Hundreds of political activists, including several human rights lawyers, have been jailed in the widening crackdown on free expression, and opposition parties banned. The authorities are also violating the rights of family members who remain in the country, primarily relatives of members of the Islamic Renaissance Party of Tajikistan (IRPT) and the opposition movement Group 24. National and local officials mobilize vigilante groups of “concerned citizens,” including school officials, who surround relatives’ homes and brand the families “enemies of the people.”

The latest string of attacks was retaliation against opposition activists who attended the July 9 conference in Dortmund, Germany, marking the twentieth anniversary of the signing of the Peace Accords that formally ended Tajikistan’s 1992-1997 civil war. On July 10, Tajik media reported that a pro-government security analyst, Saifullo Saidov, deputy director of the Strategic Research Center of the Office of the President of Tajikistan, appeared on national television condemning the opposition activists who attended the Dortmund conference. He stated that their attempts to unite into a coordinated opposition movement posed a “serious threat” to Tajikistan’s national security.

Earlier incidents of retaliation occurred in September and December 2016, when activists abroad engaged in peaceful protests.

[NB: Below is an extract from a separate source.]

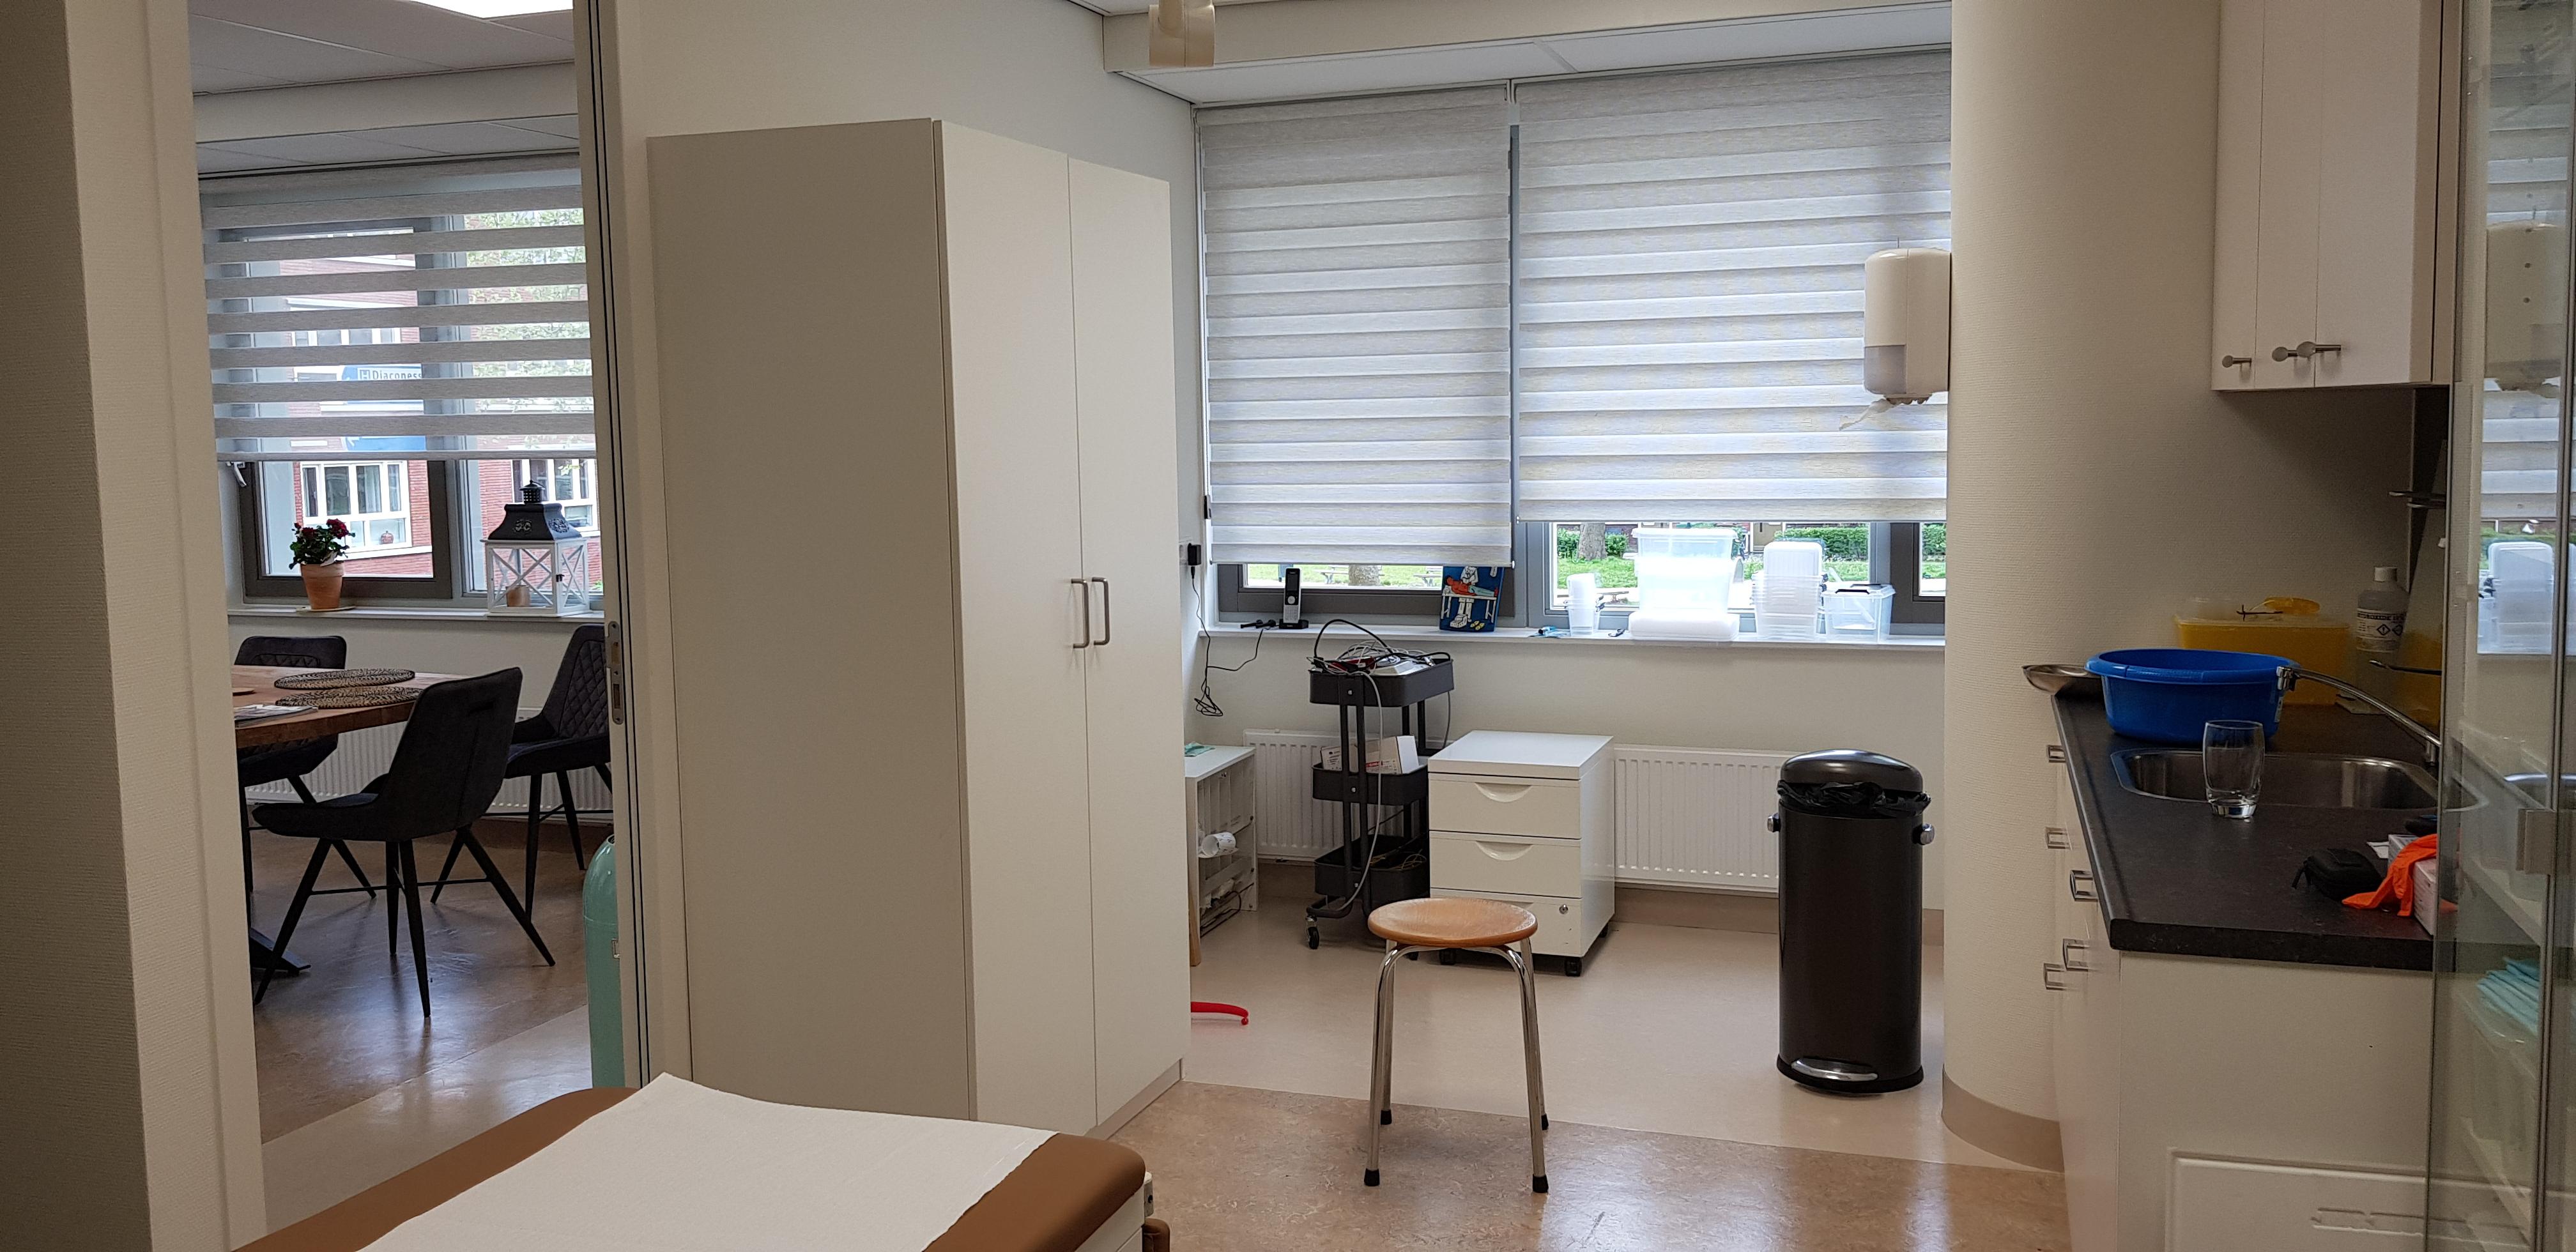 Gezondheidscentrum Dieperhout

IRPT activists provided detailed accounts to Human Rights Watch and the Norwegian Helsinki Committee about violations against their families committed by authorities between July 7 and July 10 in the capital, Dushanbe, and seven other villages and cities across the country. In each case, security services officers explicitly linked their visits and abusive actions to the participation of the people’s relatives in a peaceful political conference in Dortmund, Germany.

The United States, the European Union and its member states, and other international partners should urgently address the growing pattern of retaliatory attacks in Tajikistan as part of the wider deteriorating human rights situation there and publicly condemn the abuses, Human Rights Watch and the Norwegian Helsinki Committee said. Washington, Brussels, and other actors should consider asset freezes and visa denials to Tajik officials and government entities that take part in these abuses.

“The catalogue of retaliatory abuse in Tajikistan simply for exercising freedom of expression is staggering,” said Marius Fossum, Central Asia representative for the Norwegian Helsinki Committee. “No one should be publicly shamed, pressured to divorce their spouse, or be threatened with having their child raped or property arbitrarily confiscated under any circumstances, let alone for the exercise of basic human rights.”